Some of the other university and university-affiliated presentations include:
- "Political Common Sense in Four Easy Steps"
Keith Allred, Executive Director, National Institute for Civil Discourse
- "Immerse Yourself: How VR Can Revolutionize Learning"
Bryan Carter, Director, Center for Digital Humanities
- "Gaming the Past: History as Time Travel"

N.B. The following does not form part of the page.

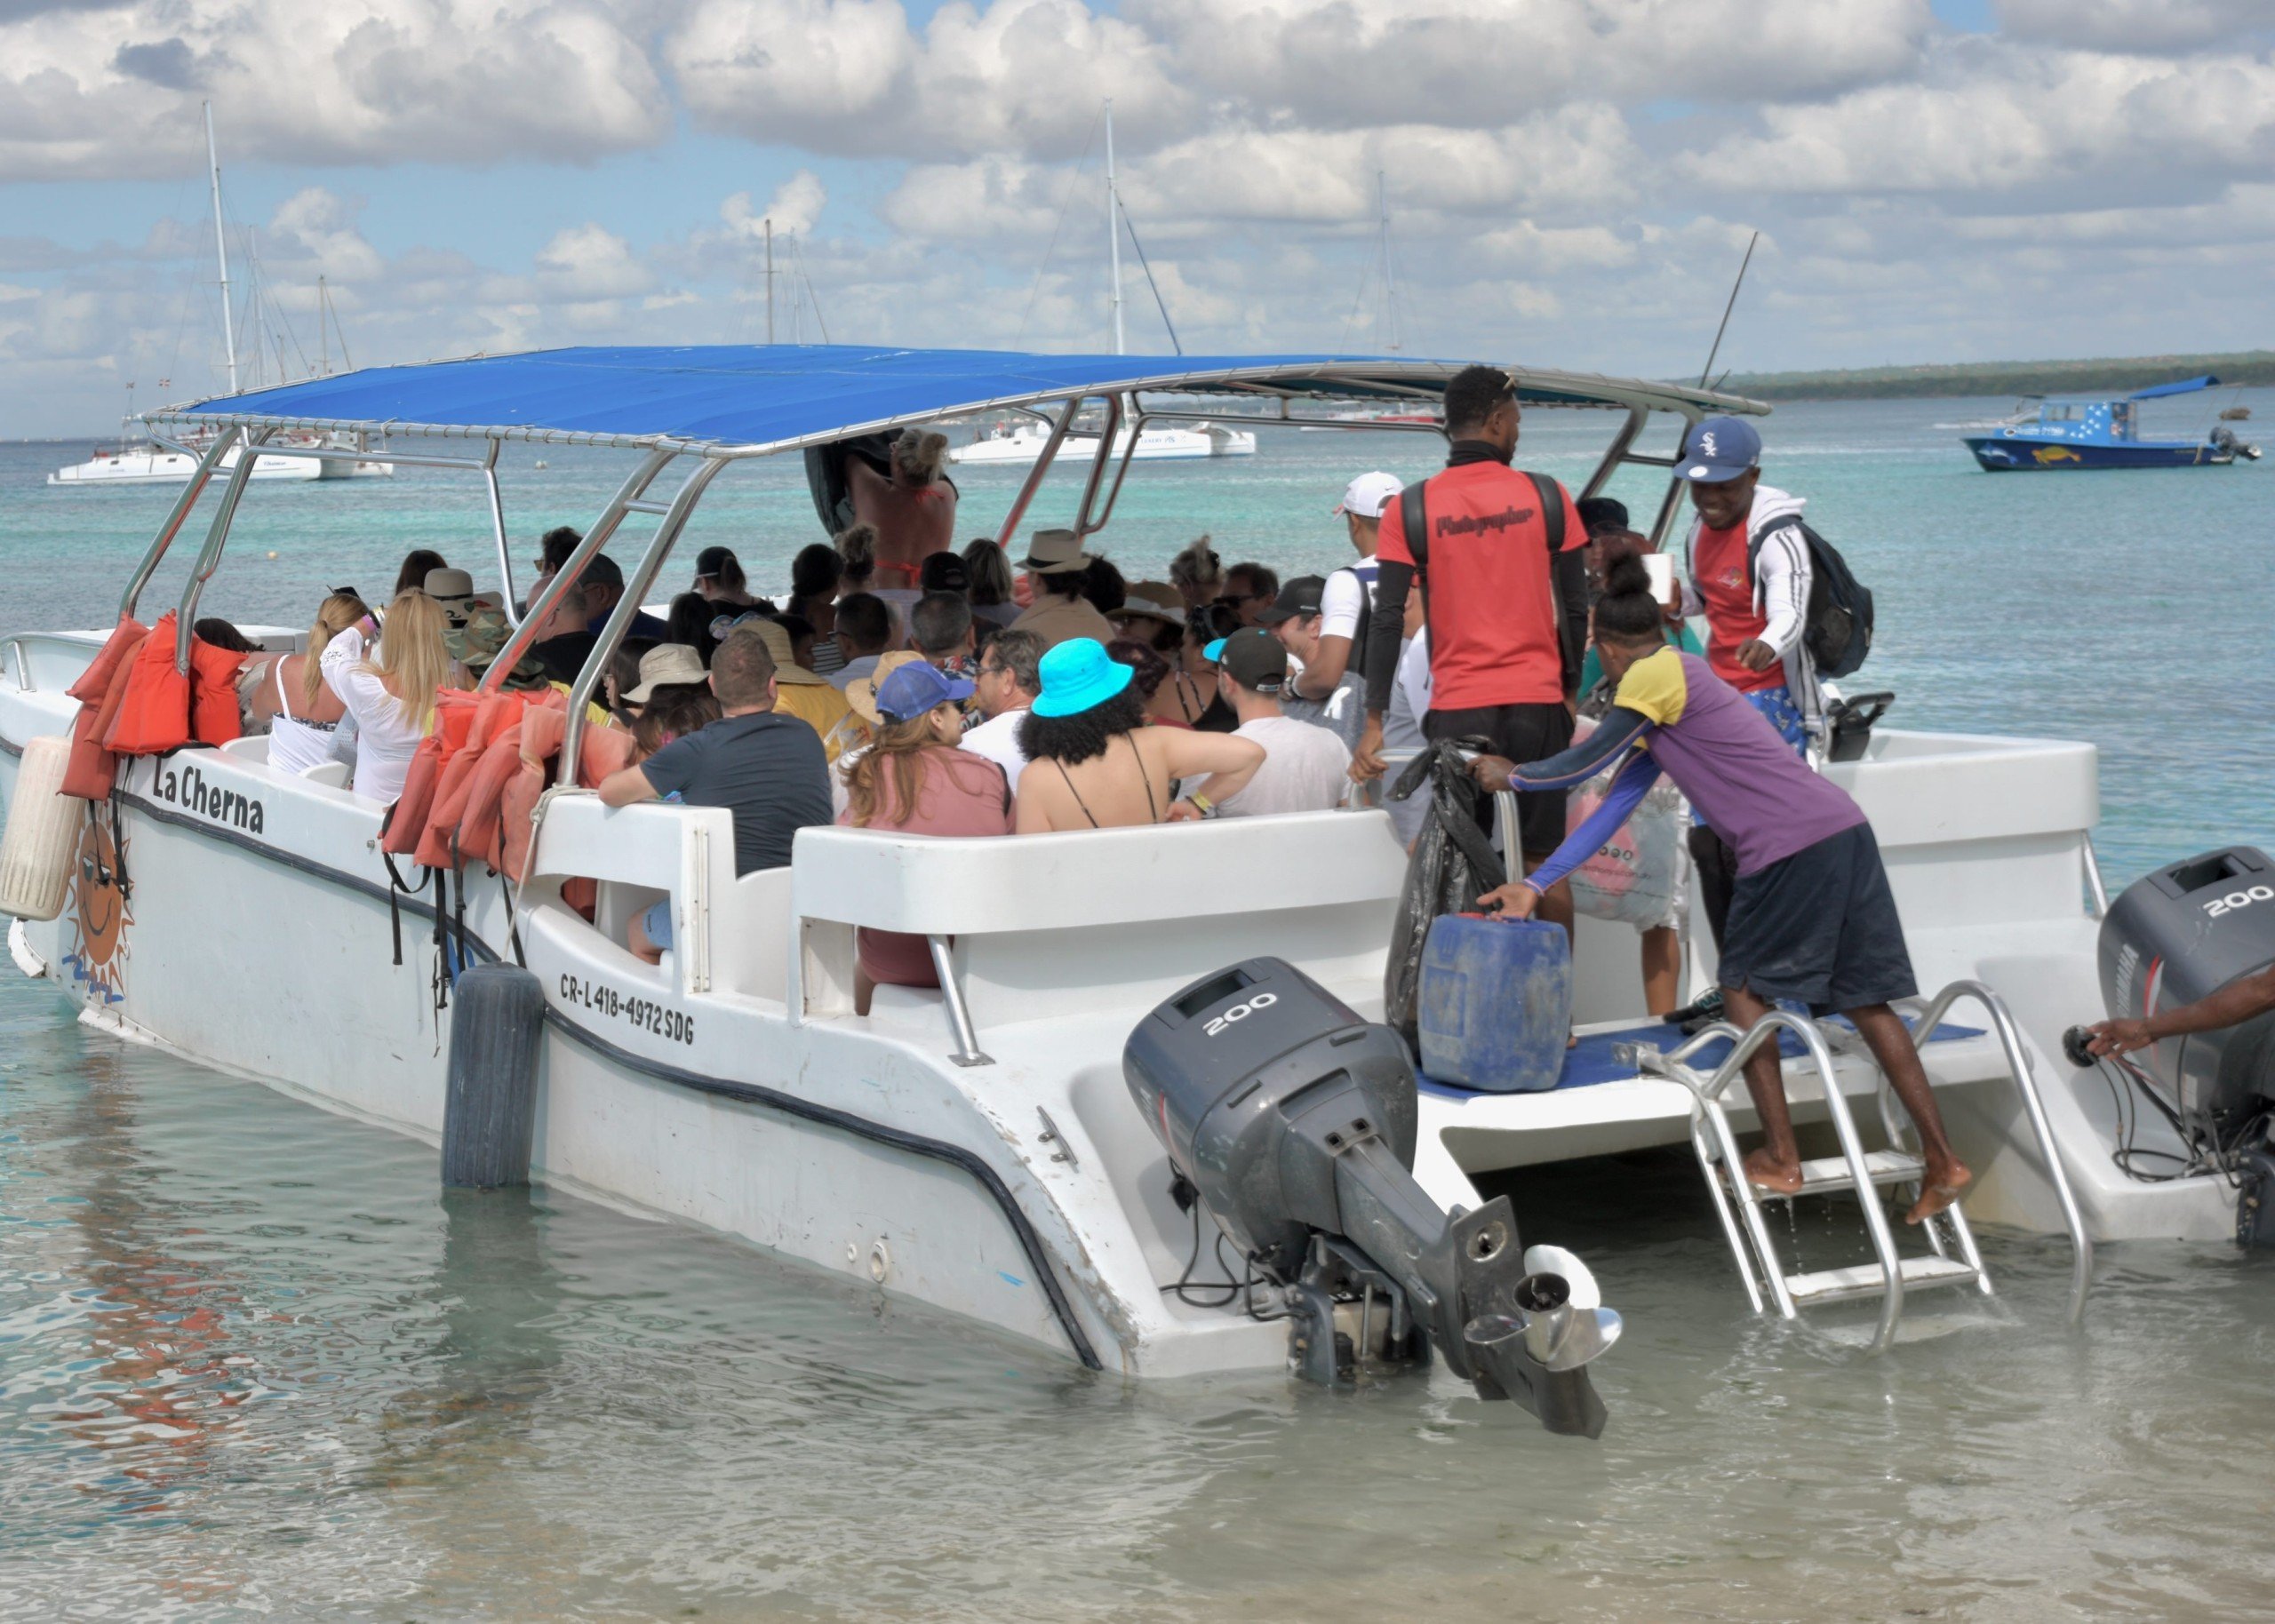 Boat trip to Saona Island

Alison Futrell, Associate Professor, Department of History
Paul Milliman, Associate Professor, Department of History
- "A Guide to Inventing the Future"
Erika Hamden, Assistant Professor, Department of Astronomy
- "Myth Busting: Women, Competitiveness and Equity"
Mary Rigdon, Director, Center for the Philosophy of Freedom
Take a tour
For those who won't make it to Austin for South by Southwest, Harrison offers the next best thing: a detailed description of the Wonder House.
"Before you even walk in, you'll feel a part of the Sonoran Desert on the patio," Harrison said. "University ambassadors will be there to greet you. You'll sample local food, hear the sounds and see the sights of the desert from the Santa Cruz Sound Experience accompanied by epic images from Visit Tucson and animations by an alumna who goes by the name Alex! Jimenez."
That patio will be the venue for the Wonder House Movie Night, which will feature 16 short films from current and past student directors in the School of Theatre, Film and Television.
Once visitors enter the house, multiple virtual reality experiences will be on their right. They include "Virtual Harlem," produced by Carter. The experience takes users to Harlem, New York, as it existed in the 1920s and 1930s during the Harlem Renaissance, a time of revival in Black music, art, dance, theater and more. Another, "Phyto Oracle 2," was developed by Duke Pauli, assistant professor in the School of Plant Sciences, and Devin Bayly, data and visualization consultant with Research Technologies Department in University Information Technology Services. The experience shows how farmers and scientists are fighting climate change and drought through sustainable agriculture practices.
As visitors walk further into the house, they will come through the Slot Canyon, a space with large digital pillars displaying various experiences. They include CAST's "CyberApolis," which illustrates cybersecurity threats and the strategies and operations being developed to fight them, as well as large-scale digital ocean models developed by Russell.
Past the Slot Canyon is a space with more local food and drink options provided by the University's Arizona Catering Co. On hand will be Michael Omo, senior executive chef, Lawrence Sanchez, assistant executive chef, and Manja Blackwood, senior dining services supervisor.
Then, as visitors head to the back of the Wonder House, they reach the Surroundscape, which is where the presentations are held.
"Audiences will be fully immersed in speaker's worlds," Harrison said, "and at all other times, SXSW attendees will experience the Sonoran Desert and Tucson in HD as created by Drew Bourland and Visit Tucson."
On the way out, visitors will be treated to art pieces by Jimenez along with Nicole Antebi and Marcos Serafim, both assistant professors in the School of Art, as well as a conversation about the future between Lori Poloni-Staudinger, dean of the College of Social and Behavioral Sciences, and Noam Chomsky, laureate professor in the Department of Linguistics.
Those staying in Tucson can watch the University of Arizona YouTube channel for daily highlights as well as full talks shortly after the experience.